Christian de Portzamparc, architecte de la future Philharmonie

De la matière qui devient filtre

d'Lëtzebuerger Land vom 10.02.2000

d'Lëtzebuerger Land : Votre architecture est empreinte de lyrisme. Est-ce un art particulier?

Christian de Portzamparc : L'architecture n'est pas un art absolu. Il serait trop simple de dire qu'il y a d'une part une architecture quadrangulaire, commerciale et de bureaux par exemple, et de l'autre une architecture sans angles droits qui serait plus libre et plus lyrique. Des bâtiments fonctionnels, utilitaires qui marchent bien, il en faut. Quant à sortir de l'architecture tramée, il faut avoir de bonnes raisons qui sont autre chose qu'un caprice. Je me souviens qu'à l'école d'architecture, je faisais des projets sans angles droits ; j'étais marqué par Le Corbusier, Niemeyer, Scharoun. Josic, qui travaillait avec Candilis - des architectes plasticiens mais qui ont réalisé des grands ensembles rigoristes - et qui était mon professeur, m'a dit un jour : « écoutez garçon, vous savez que l'architecture, ce n'est pas un art ; vous vous trompez ! ». C'était très bien de me faire repenser mon projet. Le projet suivant, j'ai fait un projet tramé. 

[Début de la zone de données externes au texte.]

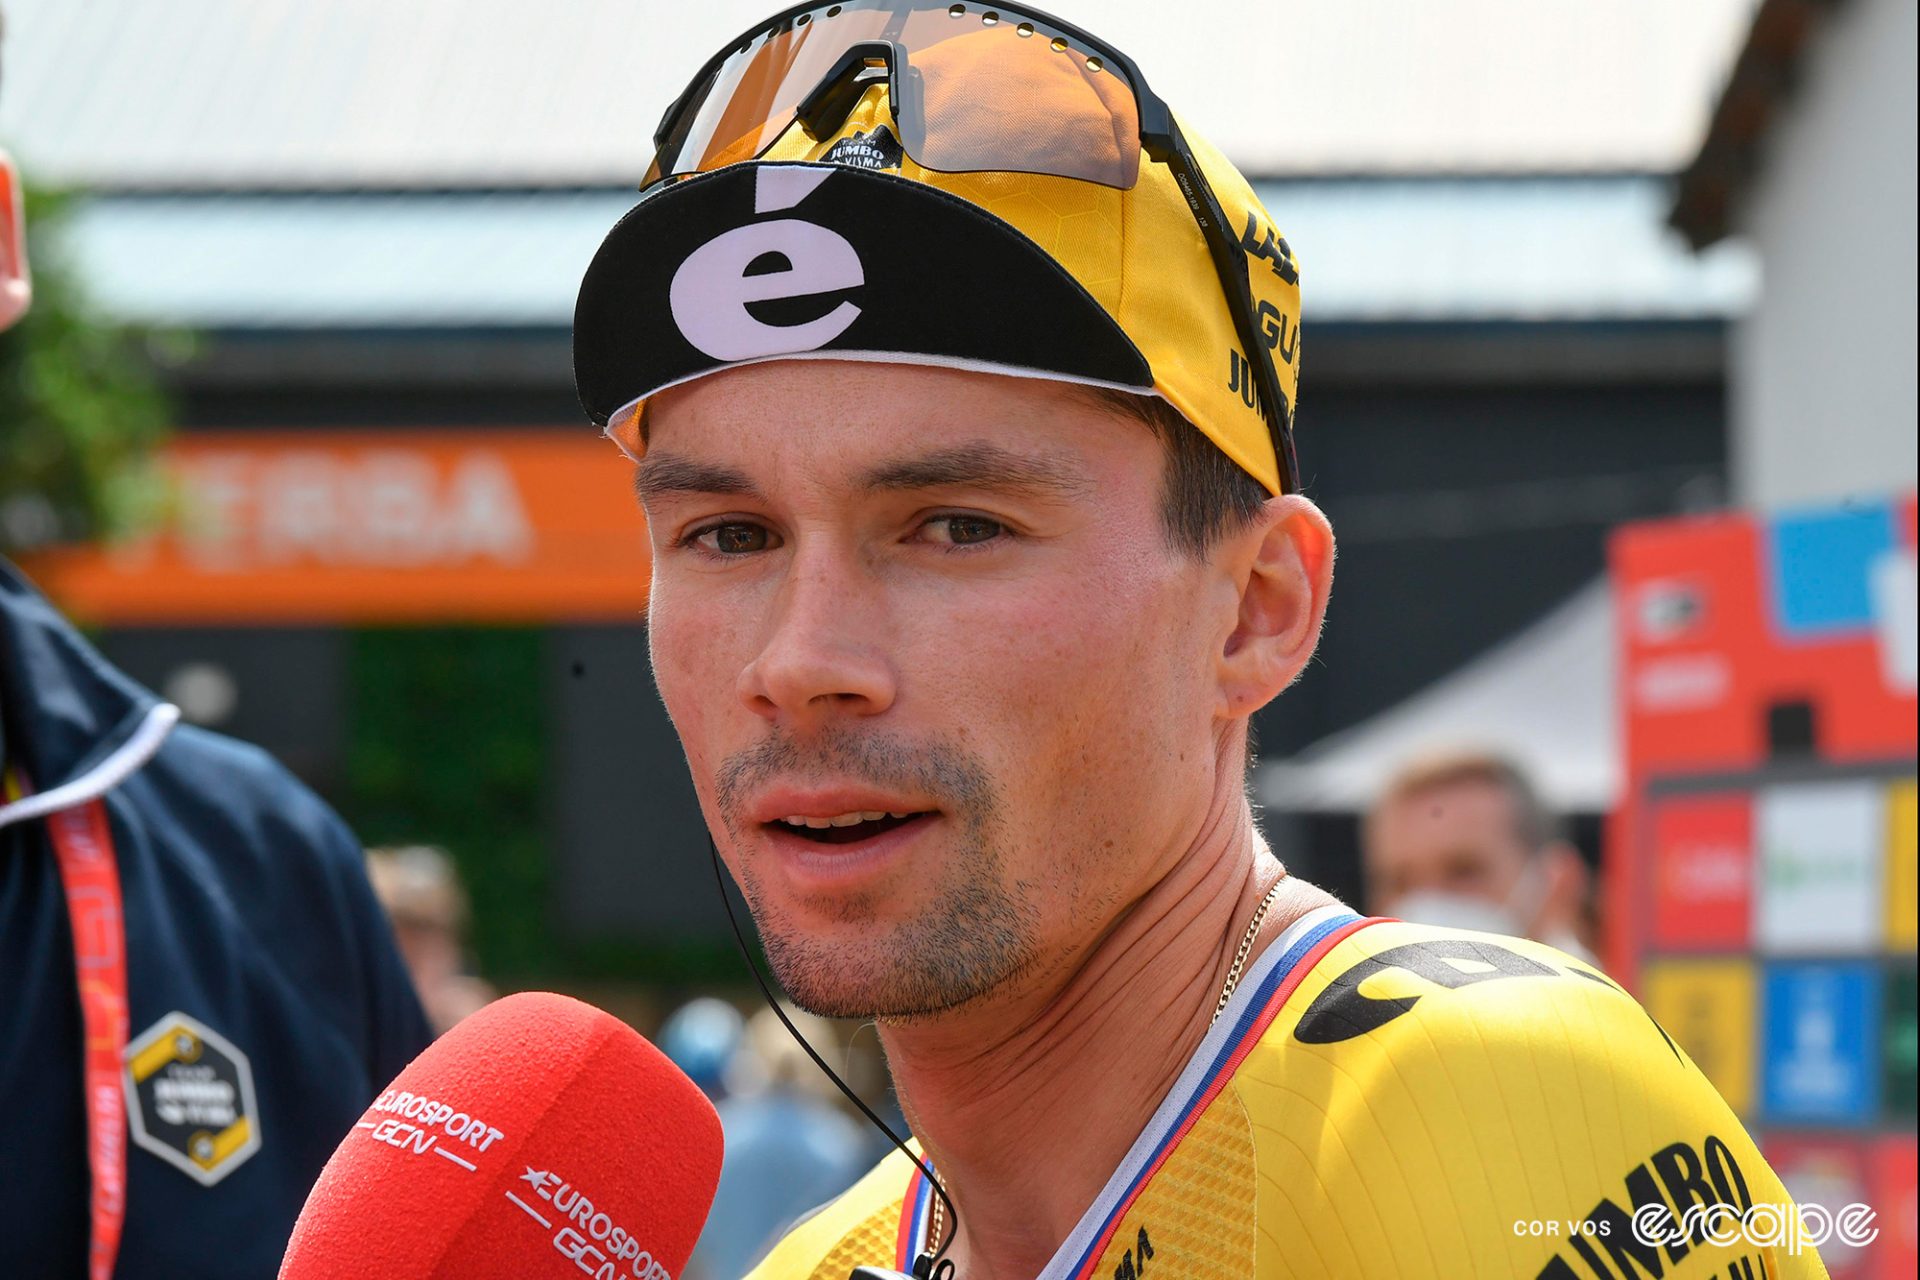 Primož Roglič in profile, speaking to a TV microphone at a race. He's wearing a Jumbo team cap with a large Cervelo E.

Mais c'est une question de tempérament personnel aussi et par la suite, j'ai réintroduit des courbes dans mes projets. Mais que ce soit l'architecture qui rompt avec l'angle droit ou celle qui conserve l'angle droit, toutes deux peuvent être porteuses de propositions. Tout programme ne demande pas des courbes, des obliques, des formes organiques, comme on disait à l'époque quand on parlait d'Aalto.

Un lyrisme instinctif ne suffit pas pour faire de l'architecture. . .

Je viens de parler de raisons éthiques et fonctionnelles. Il ne faut pas oublier qu'à l'époque où je faisais mes études, l'héritage du Mouvement moderne était plus constructif et économe que sculptural. Personnellement, j'ai très vite abordé la question urbaine et la façon dont l'urbanisme moderne l'avait traitée : de façon fort schématique certes mais courageuse, puisqu'il s'est attaqué à des problèmes considérables de grand nombre, qu'il a relogé des milliers de gens qui étaient dans des bidonvilles. C'était une réponse mais en même temps quelque chose lui avait échappé : la notion du temps. 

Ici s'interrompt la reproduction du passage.